Frequency domain-based watermarking converts the original content (image or video frames) using a chosen transform and then modify the obtained coefficients to embed the signature. After that, the coefficients are converted back to the spatial domain to obtain the marked content. The most used frequency domain transforms for image watermarking are the discrete cosine transform (DCT) [38, 54, 75, 80, 83], discrete Fourier transform (DFT) [23, 37, 64, 70] discrete wavelet transform (DWT) [5, 32, 46, 85], and singular value decomposition (SVD) [4, 81]. Every frequency transform presents its own advantages and disadvantages where some transforms are robust against several attacks while they fail against others. For example, the spatial domain usually ensures robustness against translation and noises but it does not resist to compression and filtering contrary to DCT which is robust against rotation, filtering, and JPEG compression but it fails to resist noises. To resolve this problem, several image watermarking algorithms are based on the hybrid domain which combines different transforms with spatial domain together to profit from the advantages of these transforms [2, 13, 76]. Note that these algorithms ensure the best trade-off between robustness, capacity, and invisibility.

Concerning video content, like image, the common frequency domain transforms include DCT [18, 34, 49, 89], DWT [15, 30, 72, 79], and SVD which is usually combined with another transform as DWT [33, 77] and DCT [61]. As concluded for the image, the robustness of the video watermarking techniques depends on the characteristics of the chosen transform. However, to better improve performance, many watermarking algorithms use the hybrid domain that combines the advantages of the different transformations. Therefore, different techniques were proposed combining DCT and DWT [39, 73] or combining different transforms with the spatial domain as suggested in [44].

Since video content can be considered as a set of frames, any image watermarking technique can be adopted for video watermarking by embedding the signature into spatial redundancy of all or some selected frames. However, image-based techniques cannot resist video-specific attacks. In fact, video is also defined by temporal information which makes its processing more sensitive and the temporal redundancy in a video gives more chances to hackers to estimate signatures by using malicious attacks such as collusion.

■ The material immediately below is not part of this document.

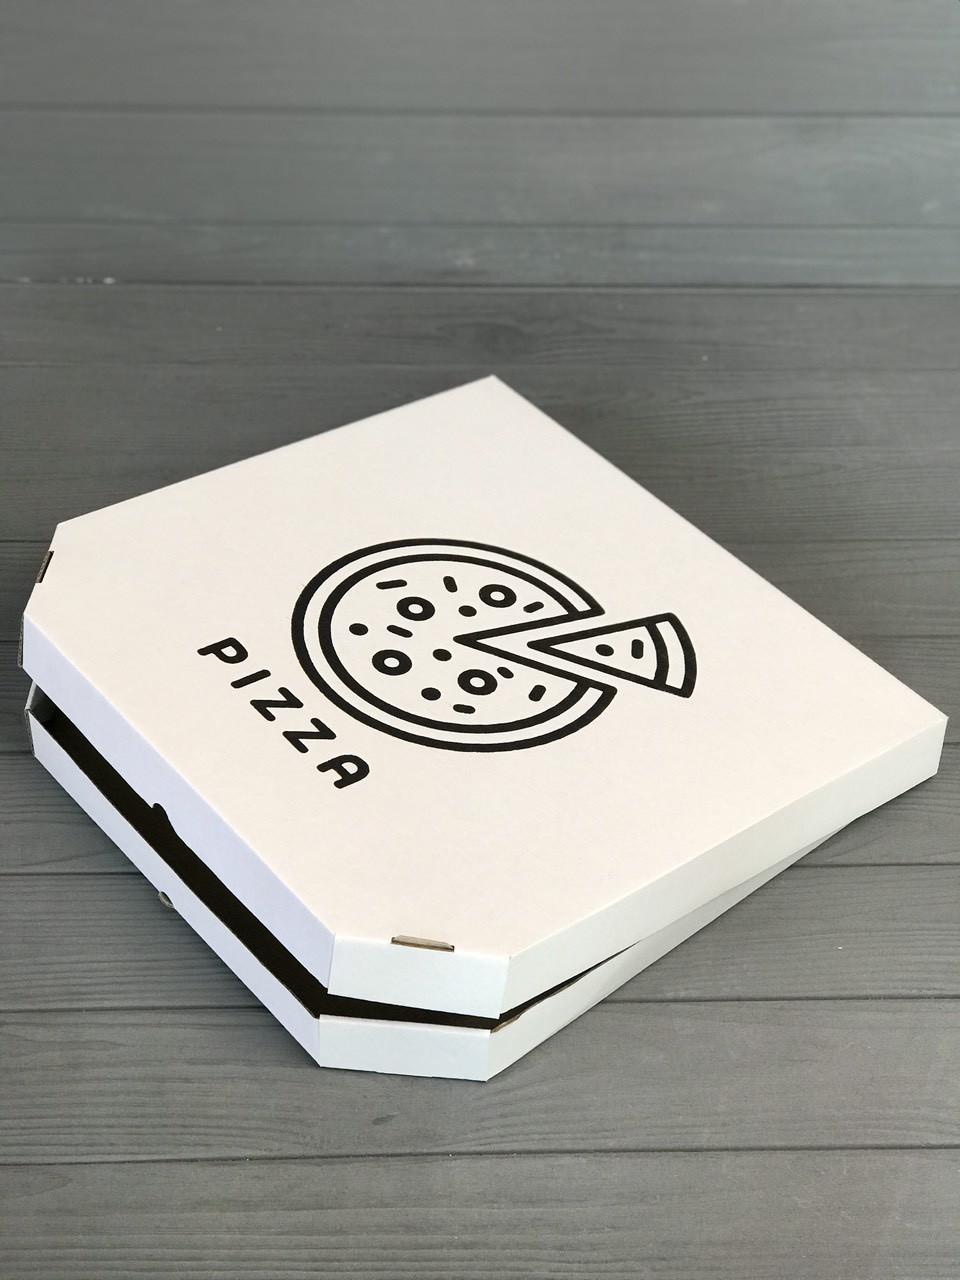 Коробка для пиццы с рисунком Pizza 250х250х30 мм (Чёрная печать)

This last attack and frame-based attacks such as compression frames drop** and swap** should be considered by researchers when develo** watermarking techniques for video. To resist these attacks, different techniques based on temporal information, such as mosaic [45], multi-sprites [11], and Krawtchouk moments [10], have been proposed and they proved their good robustness against malicious attacks, especially against collusion attack.

As video data is nowadays frequently used and transmitted on the Internet, the compression process is usually applied to reduce video size. However, watermarking techniques based on the original video decode the video during signature embedding and detecting stages and can destroy the signature and deteriorate the visual quality. To resolve this problem, a new class of video watermarking algorithms has emerged where the compressed domain is used. These algorithms embed signatures into compressed videos and combine the embedding stage with corresponding video coding standards which include MPEG [21, 22, 90], H.264 [27, 98], and H.265 [24, 55, 71]. Compressed domain-based watermarking is robust against several attacks such as filtering, noises, and compression.

In summary, the classification of the traditional robust image and video watermarking techniques is illustrated in Fig. 4.

Fig. 4
figure 4

Classification of the traditional robust image and video watermarking techniques

3 Basic Concepts of Deep Learning-Based Watermarking

With the success of deep learning in computer vision and image processing domains, it has been adopted for various tasks. Recently, deep learning models have attracted the attention of researchers in data hiding techniques including steganography [9, 25] and watermarking.

3.1 General Framework of Deep Learning-Based Watermarking Schemes

Deep learning-based watermarking usually uses an encoder–decoder based on convolutional neural networks (CNNs) structure to train models and to embed them in a robust and invisible way the signature. It is more efficient than traditional watermarking thanks to its advantage to be retrained to resist several attacks. In addition, it does not need an expert to develop the embedding method. Finally, the black-box nature of deep learning models allows for improving security.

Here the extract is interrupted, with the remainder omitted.